Взрослая

Утро. Хмурое, дождливое утро. За окном не спешит просыпаться короткий осенний день. В избе тихо. На кухне тоскливо мерцает керосиновая коптилка. Мать хлопочет у печки. Тянет горьковатым дымком и приторным запахом керосина.

- Значит, уже затопили печь, - сквозь сон подумала Валя. Только бы Толя не заплакал, только бы поспал ещё хоть чуть-чуть…

Ей очень не хотелось подниматься и вылезать с печки.

Заворочался на постельнике отец, тяжело постанывая. Давно ныла израненная нога. Но доктора далеко, не на чем до них добраться, да и некогда. Слава Богу, заказов много. Василий сел, потянулся за костылями, неловко задел, и они с грохотом повалились на пол.

- Вася, что!? – испуганно выскочила из-за печки Мария Карповна.

- Да костыли упали.

- Напугал, беда думаю.

От шума проснулся малыш и отчаянно поведал о своём пробуждении.

- Валя, Валя, вставай, - мать стала будить дочь.

- Да ладно тебе Маня. Я покачаю, пусть поспит дитё, - успокоил её отец.

- Какое дитё? Нашёл дитё. Ей уж седьмой идёт. Помогать надо. У тебя дел на сегодня полно. Клавдии кадку сулил закончить, - ворчала мать.

- Доделаю. Сказал сегодня, значит сегодня.

Отец подошёл к зыбке, что висела на тонкой жердине, вставленной между потолком и перегородкой на кухню. Зыбка была плетёная из лозы, принесла её баба Клава. Её внучка уже выросла из колыбели.

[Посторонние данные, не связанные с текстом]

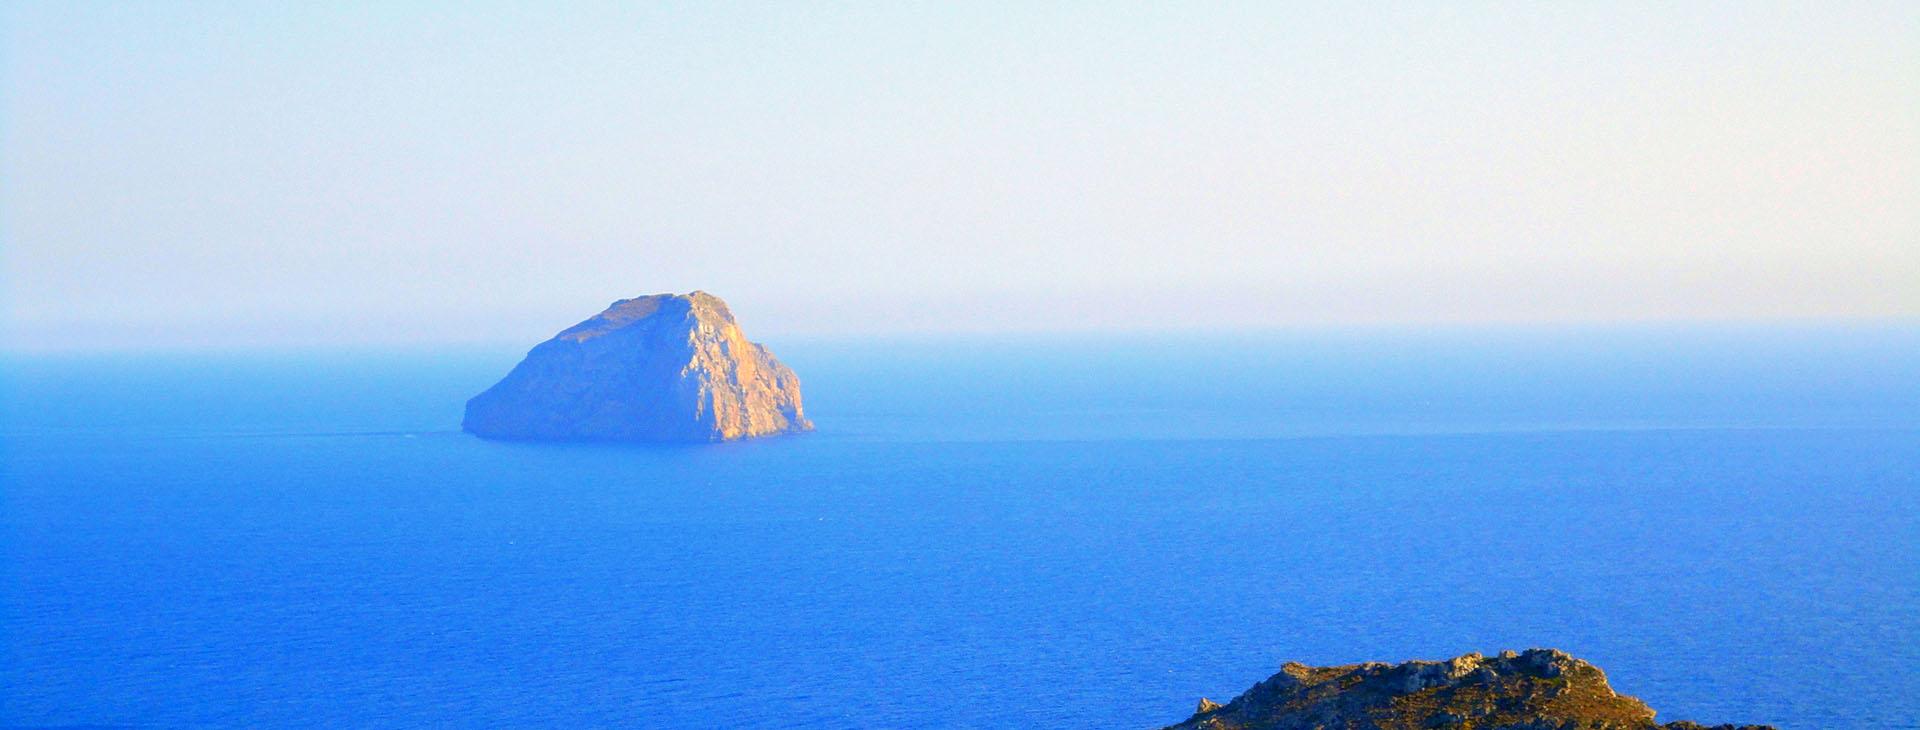 Hytra islet, Kythira island
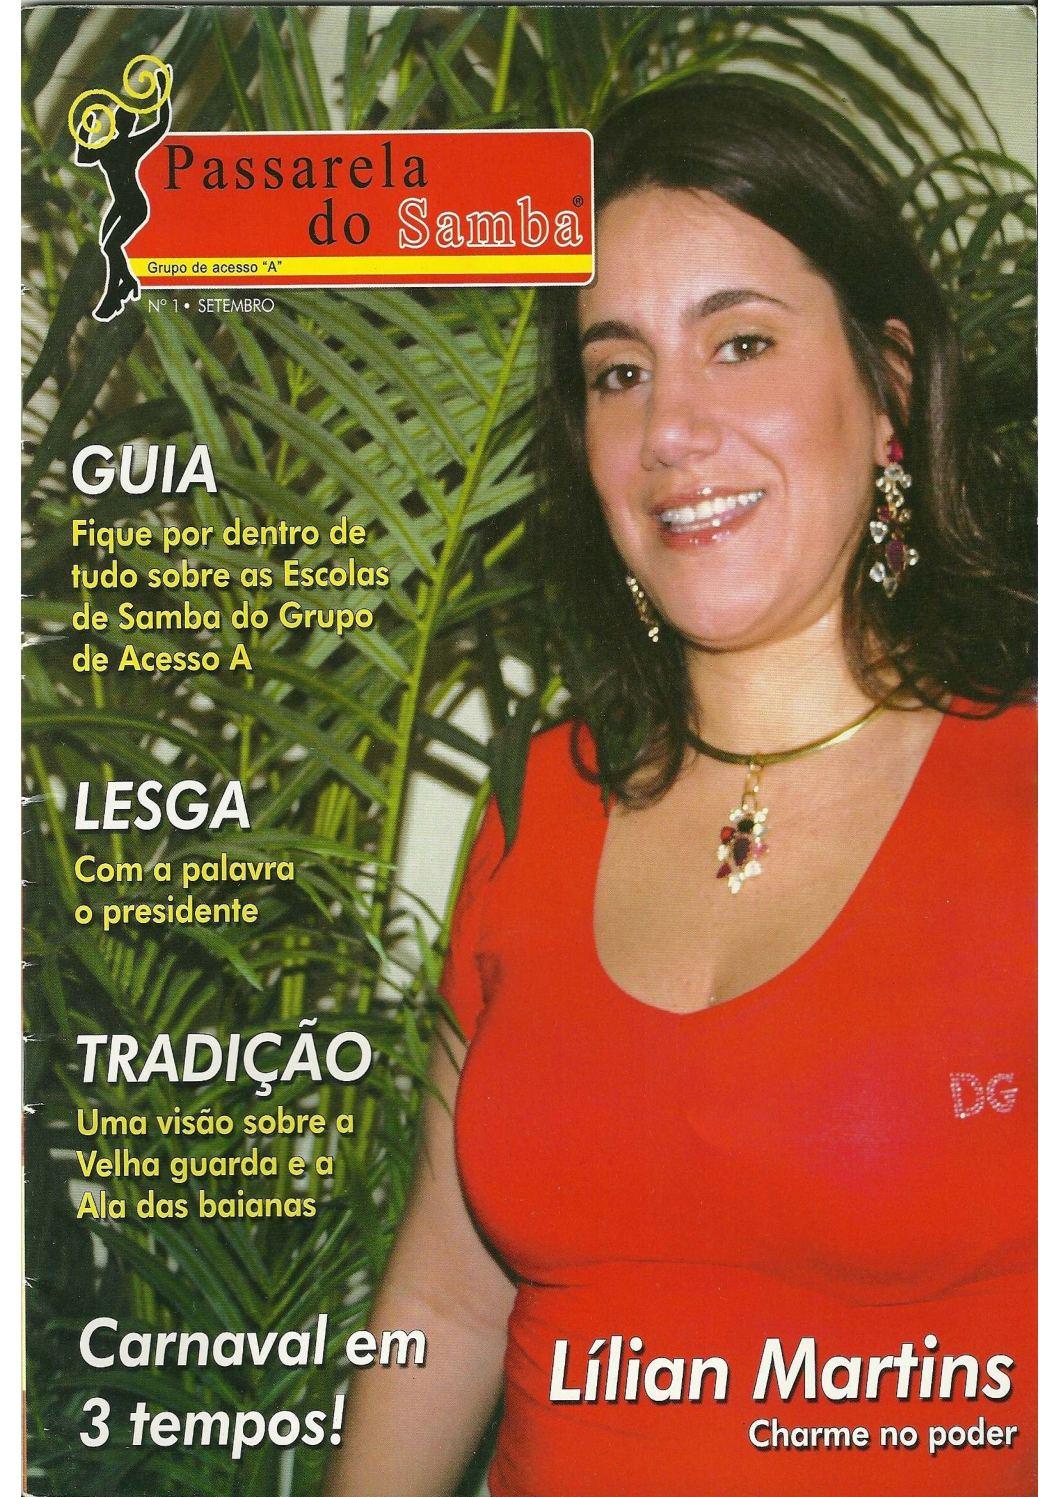 Passarela do Samba - edição 1

Он покачал тихонько что-то мурлыкая, Толя затих. Валюшка облегчённо вздохнула и погрузилась опять в сладкий утренний сон ребёнка.

Когда она проснулась, отец уже трудился: заканчивал работу, скобелем вычищая внутреннюю часть кадушки, что предназначалась бабе Клаве.

Мать уже притащила скамейку к зыбке. На её края поставила два чугуна с мелкой картошкой. Картошка была сварена ещё вчера. На пол, напротив скамейки, примостила кадушку, накрытую старым листом железа с проделанными в нём дырочками и загнутым со всех сторон. Приготовила широкий деревянный пресс с ручкой. К зыбке была привязана верёвочка с петлёй для ноги. Валино рабочее место. В эту петлю она вставляла ногу и качала зыбку, а руки освобождались для картошки.

- Валя, начистишь картошки, намни хорошо, завтра хлебы поставлю. Последняя краюха осталась. Отец давечи давилку смастерил, дело спорей пойдёт, полегше станет тебе теперь мять. Мать давала наставления на день своей помощнице.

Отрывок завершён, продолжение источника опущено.